Burn!

Burn!

Marlon Brando once said this film contains "the best acting I've ever done"

Evaristo Márquez said in a recent interview (November 1st 2009) that in several occasions, when Marlon Brando refused to act, he was the "peacemaker" between director Pontecorvo and the legendary actor.

Evaristo Márquez, who plays rebel leader Jose Dolores in the film, was not an actor. He was a poor villager from "San Basilio de Palenque", Colombia, whom director Pontecorvo discovered while scouting locations in that country and convinced to star opposite Brando. The studio had originally wanted Sydney Poitier.

Gillo Pontecorvo resisted studio pressure to cast Steve McQueen and Sidney Poitier in the leads.

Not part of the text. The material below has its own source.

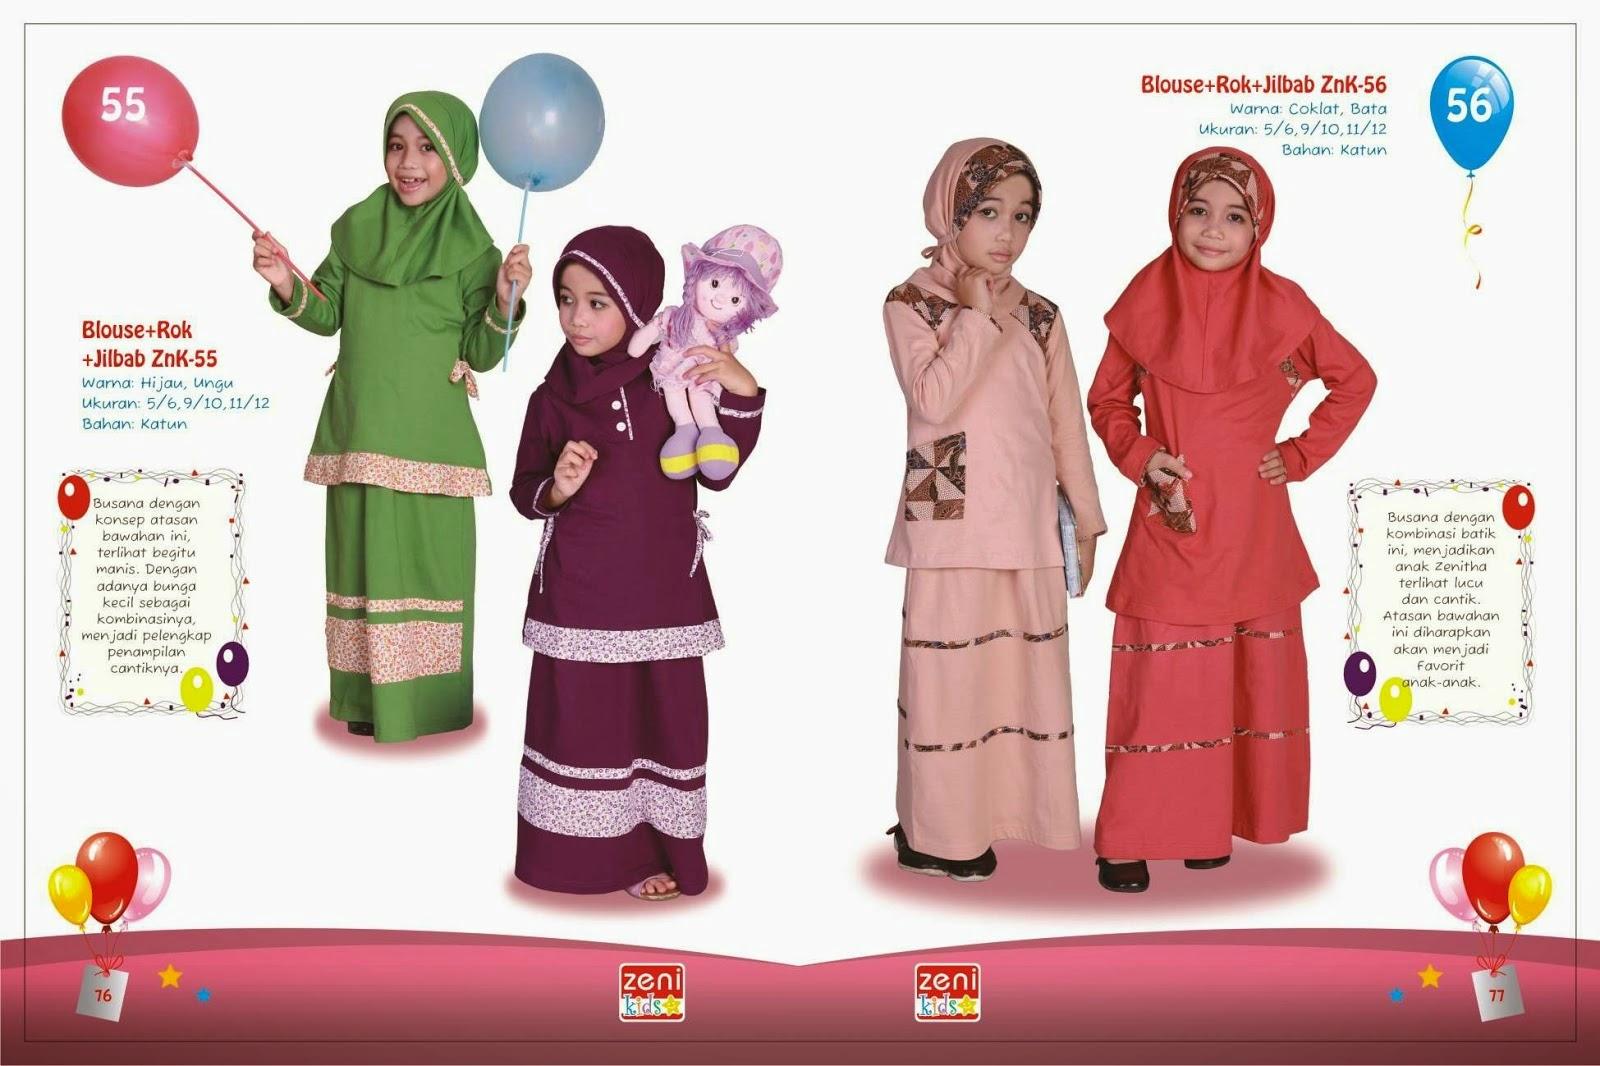 Foto Baju Gamis Anak Lucu Gamis Murni

Sir William Walker, a real historical figure portrayed in the film by Marlon Brando, was neither British nor knighted. Walker was an American adventurer and his title of "sir" was one he adopted on his own.

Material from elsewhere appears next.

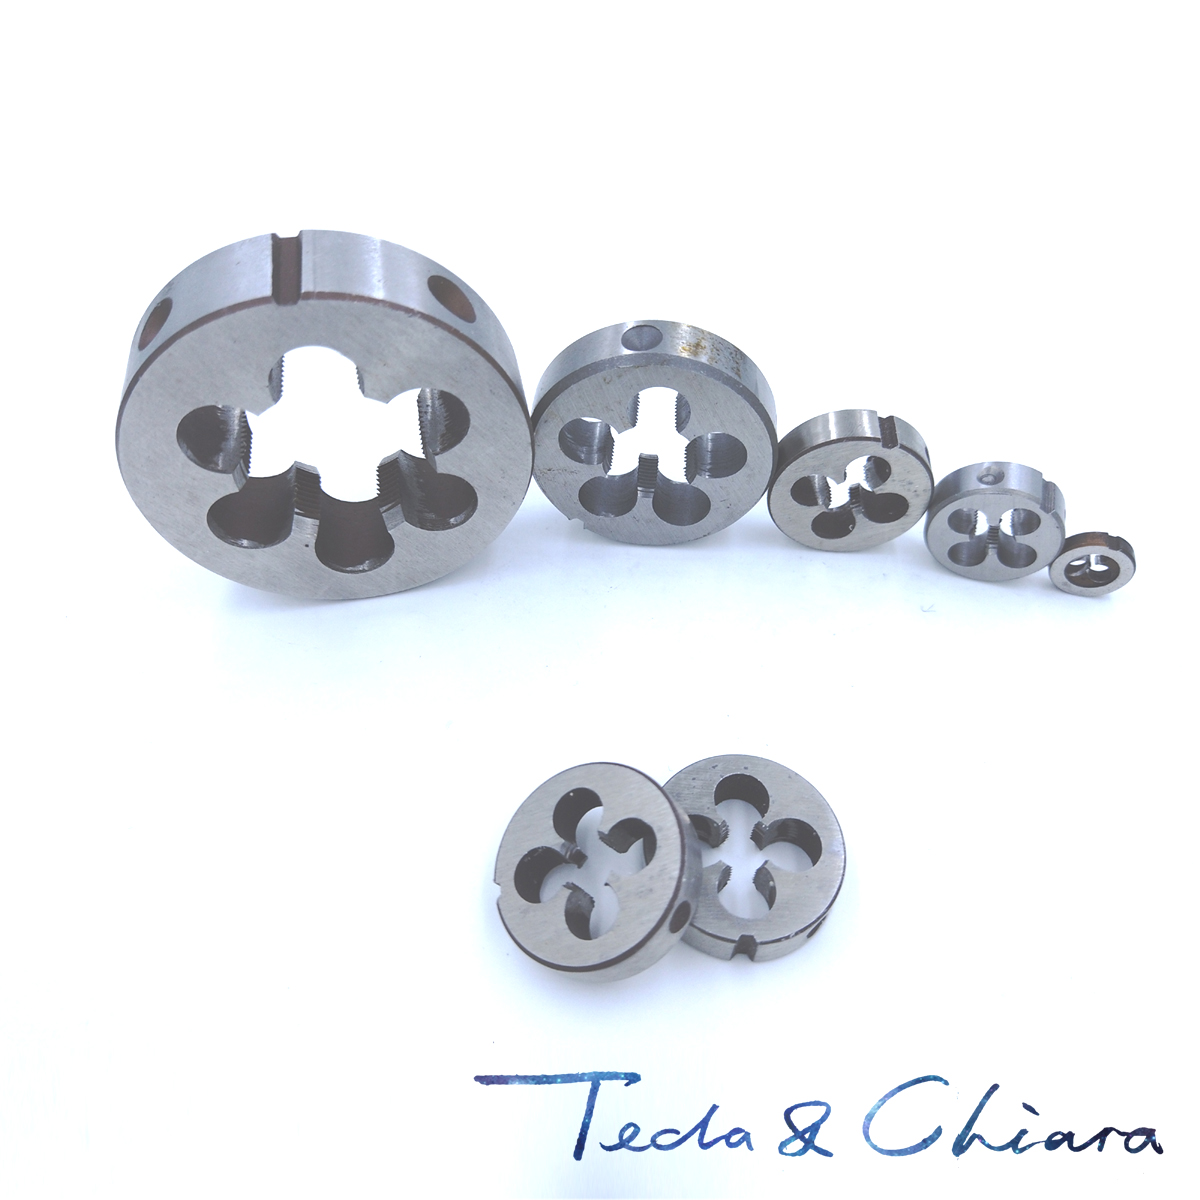 1Pc M22 X 0.75mm 1mm 1.25mm 1.5mm 1.75mm 2mm 2.5mm Metric Right Hand Die Threading Tools Mold Machining * 1 1.25 1.5 1.75 2 2.5

The film's original title was Quemada (the spanish word for "burnt"), as the action took place in a Spanish colony. When the Spanish government officially complained and threatened a boycott of the film (objecting to the script's supposedly anti-Spanish bias), Gillo Pontecorvo agreed to alter the setting to a Portuguese island and the release title became Queimada ("burnt" in Portuguese).

The original Italian language version is longer by 20 minutes than the English dubbed US version.

The setting of the film is a fictional sugar cane-producing Caribbean Island named Queimada. In the original script, this fictive island was part of the Spanish empire, which would have been a more accurate historical conceit, since Spain, rather than Portugal, was the dominant European power in the Caribbean. The Spanish government of Francisco Franco pressured the filmmakers to alter the script, and since Portugal accounts for a considerably smaller share of international box-office receipts than Spain, the producers did the economically expedient thing by making the Portuguese the bad guys. No Portuguese is actually spoken in the film, but various forms of Spanish.

United Artists rapidly lost faith in the film as the budget spiraled out of control. Much to Pontecorvo's horror, it was re-edited by an editor who specialized in putting trailers together.